Disclosed in this report any change in the registrant’s internal control over financial reporting that occurred during the registrant’s most recent fiscal quarter (the registrant’s fourth fiscal quarter in the case of an annual report) that has materially affected, or is reasonably likely to materially affect, the registrant’s internal control over financial reporting; and  


5.

The registrant’s other certifying officer(s) and I have disclosed, based on our most recent evaluation of internal control over financial reporting, to the registrant’s auditors and the audit committee of the registrant’s board of directors (or persons performing the equivalent functions):  


(a)

All significant deficiencies and material weaknesses in the design or operation of internal control over financial reporting which are reasonably likely to adversely affect the registrant’s ability to record, process, summarize and report financial information; and  


(b)

Any fraud, whether or not material, that involves management or other employees who have a significant role in the registrant’s internal control over financial reporting.  

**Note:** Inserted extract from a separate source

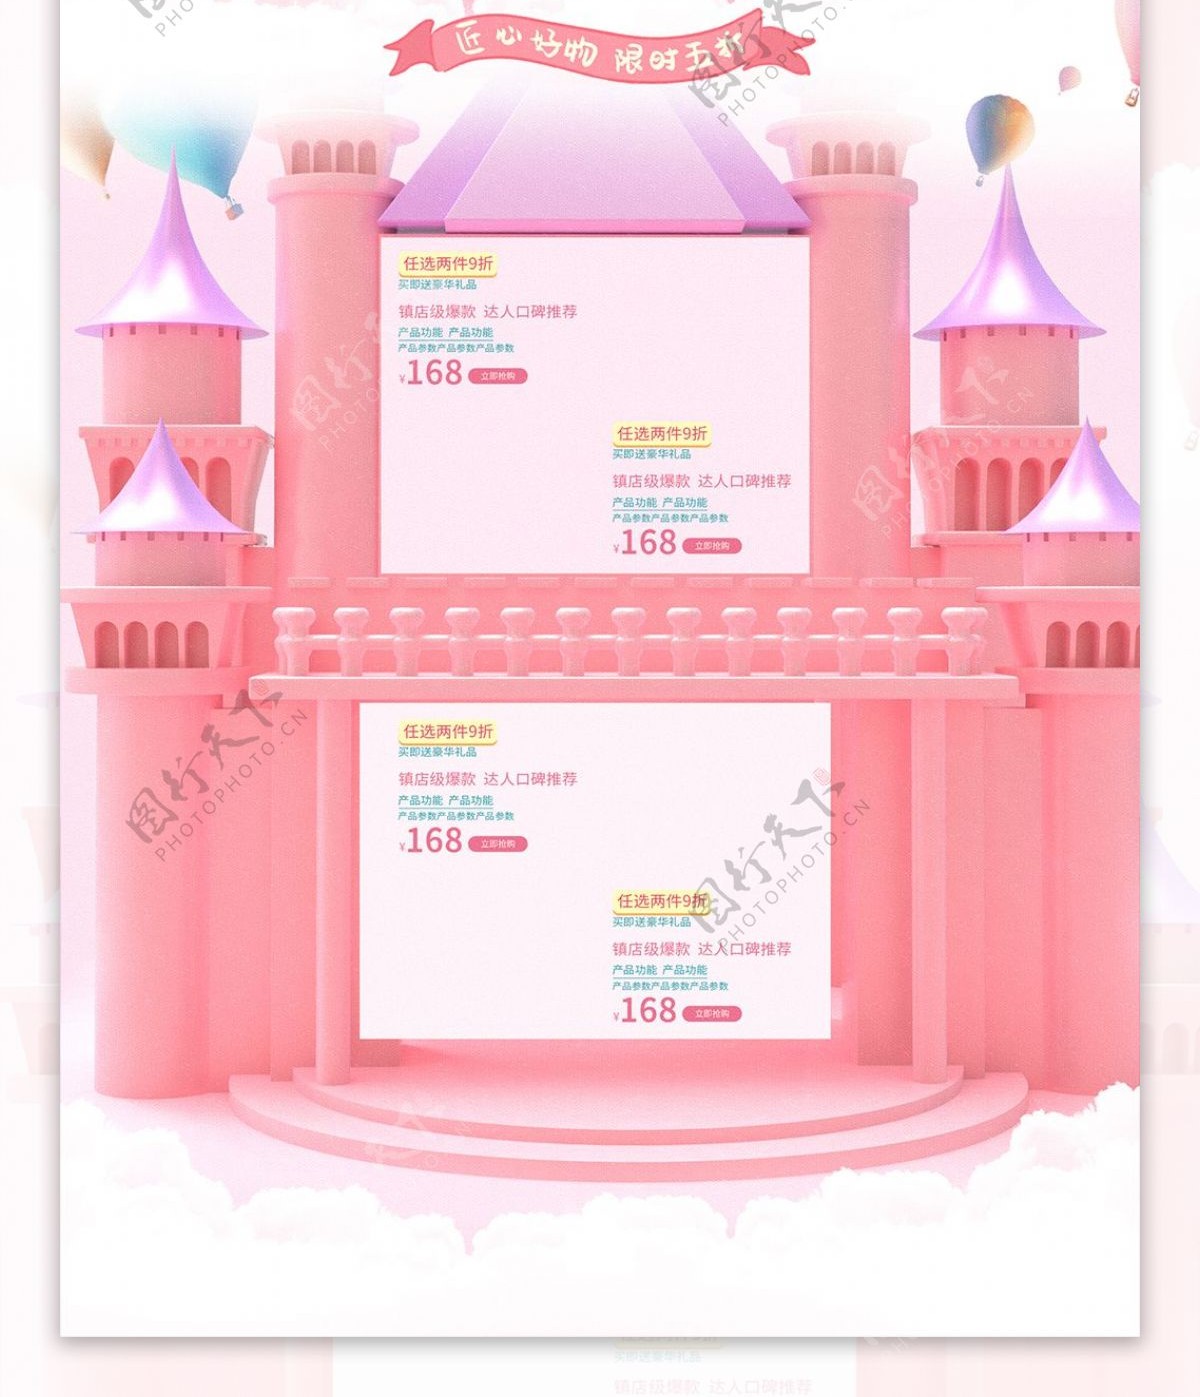 粉色梦幻电商童梦乐园促销母婴店首页模板
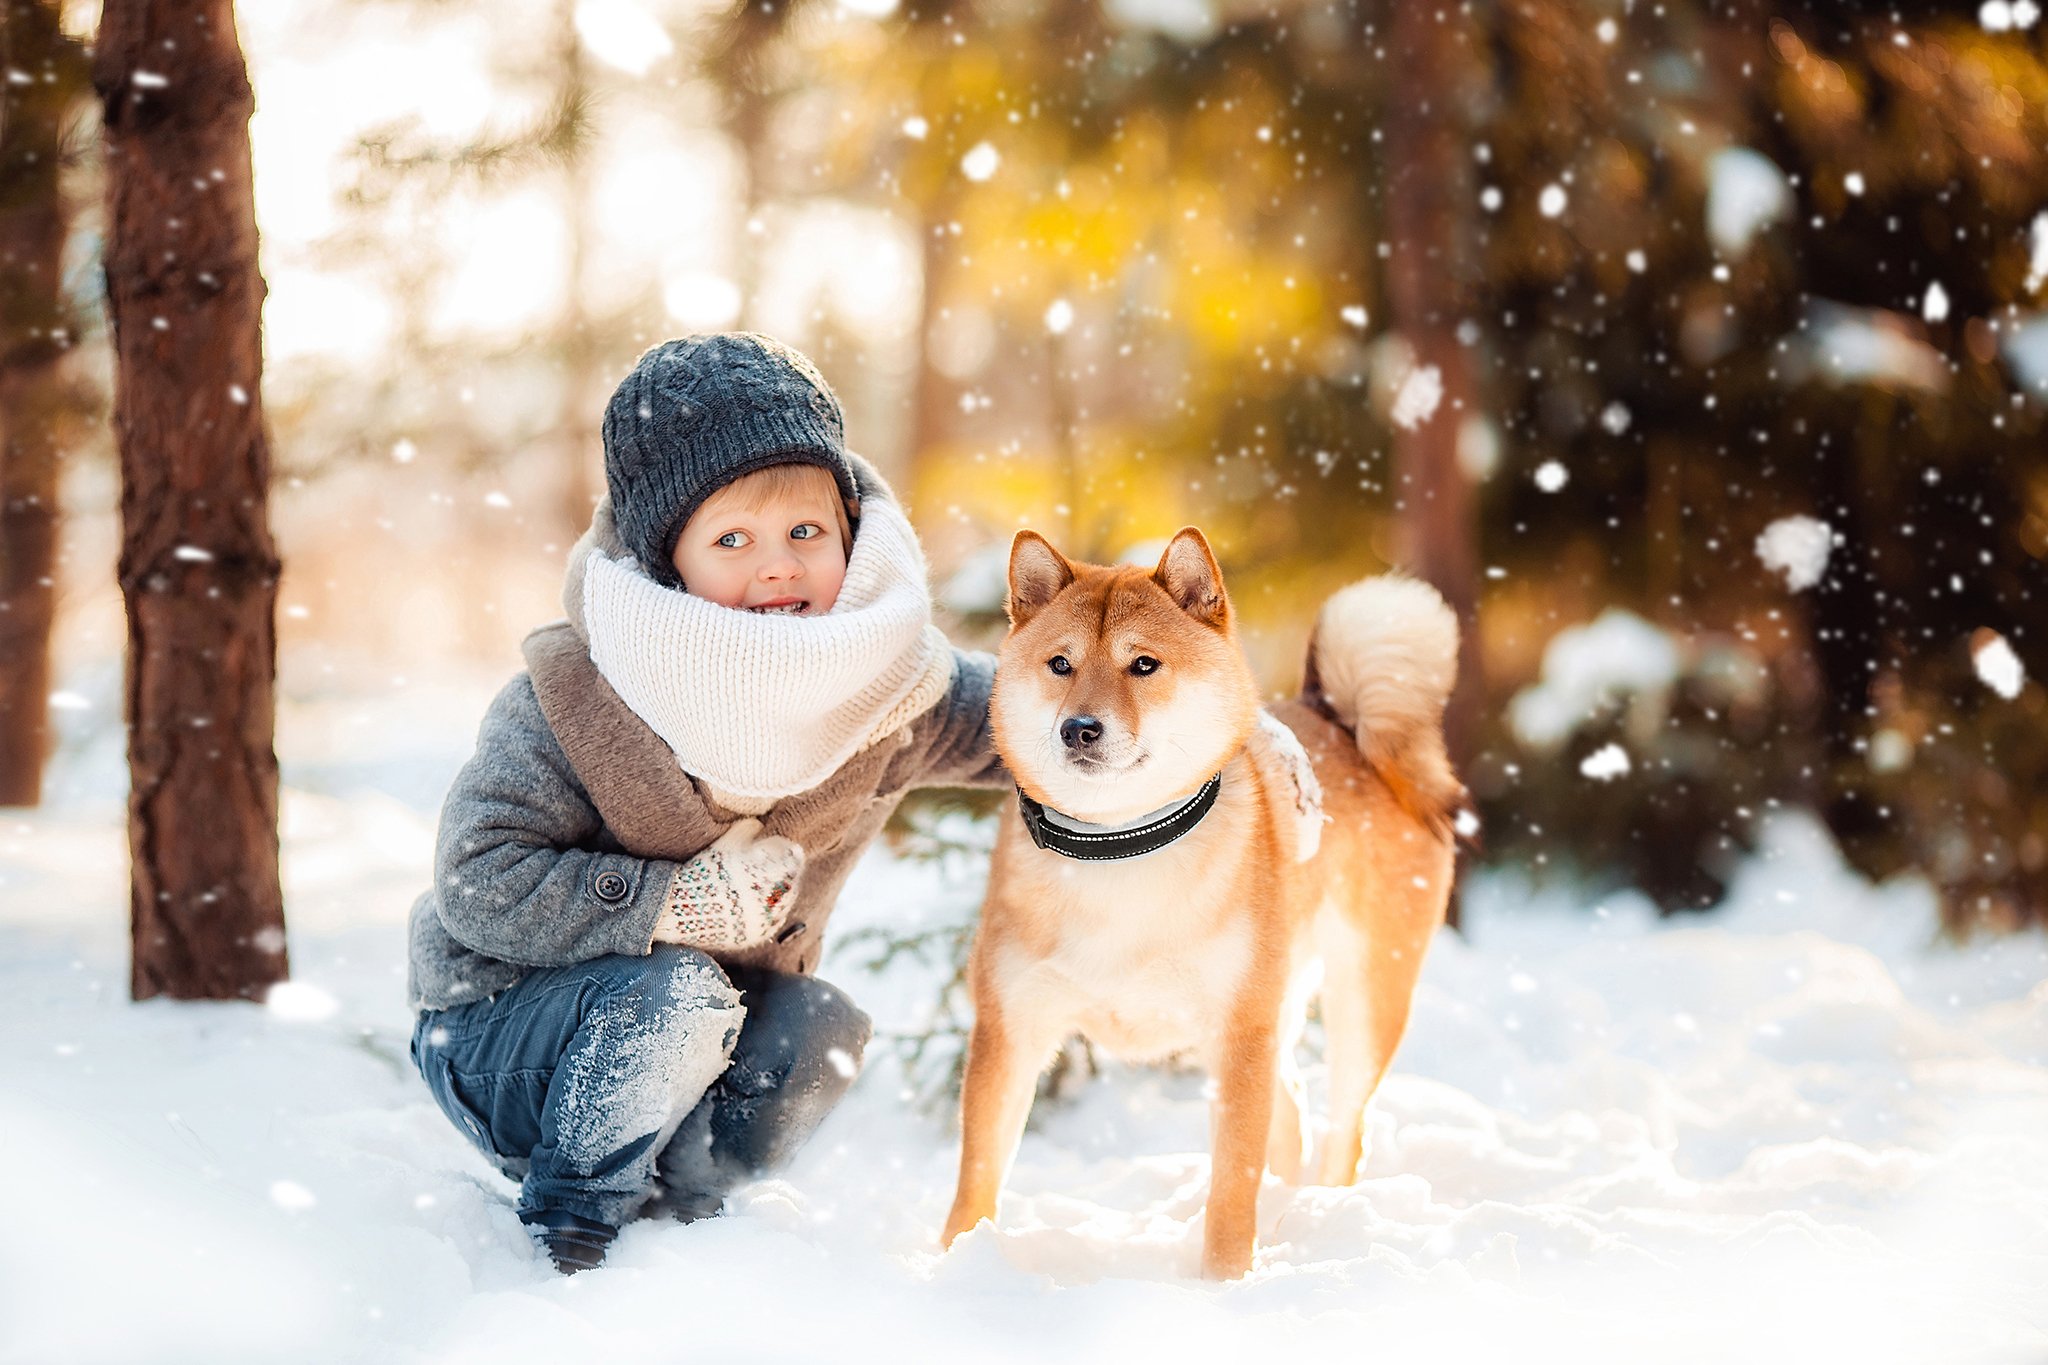 #boy #winter #snow #forest #dog #мальчик #шиба #зима #детскаяфотография, Наталья Карась

Date:     November 1, 2007



 

/s/ G. Kregg Lunsford

 

G. Kregg Lunsford

 

Executive Vice President

and Chief Financial Officer







Exhibit 32.1


CERTIFICATION OF CEO AND CFO PURSUANT TO 18 U.S.C. SECTION 1350

(Adopted Pursuant to Section 906 of the Sarbanes-Oxley Act of 2002)


In connection with the Quarterly Report on Form 10-Q of Cal Dive International, Inc. (the “Company”) for the period ending September 30, 2007 as filed with the Securities and Exchange Commission on the date hereof (the “Report”), Quinn J. Hébert, as Chief Executive Officer of the Company, and G. Kregg Lunsford, as Chief Financial Officer of the Company, each hereby certifies, pursuant to 18 U.S.C. Section 1350, as adopted pursuant to Section 906 of the Sarbanes-Oxley Act of 2002, that:


(1)

The Report fully complies with the requirements of Section 13(a) of the Securities Exchange Act of 1934; and  


(2)

The information contained in the Report fairly presents, in all material respects, the financial condition and results of operations of the Company.  



Dated:   November 1, 2007




 

/s/ Quinn J. Hébert

 

Quinn J. Hébert

 

President and

Chief Executive Officer




 

/s/ G. Kregg Lunsford

 

G. Kregg Lunsford

 

Executive Vice President

and Chief Financial Officer



A signed original of this written statement required by Section 906 has been provided to the Company and will be retained by the Company and furnished to the Securities and Exchange Commission or its staff upon request.


This certification accompanies the Report pursuant to Section 906 of the Sarbanes-Oxley Act of 2002 and shall not be deemed filed by the Company for purposes of Section 18 of the Securities Exchange Act of 1934, as amended.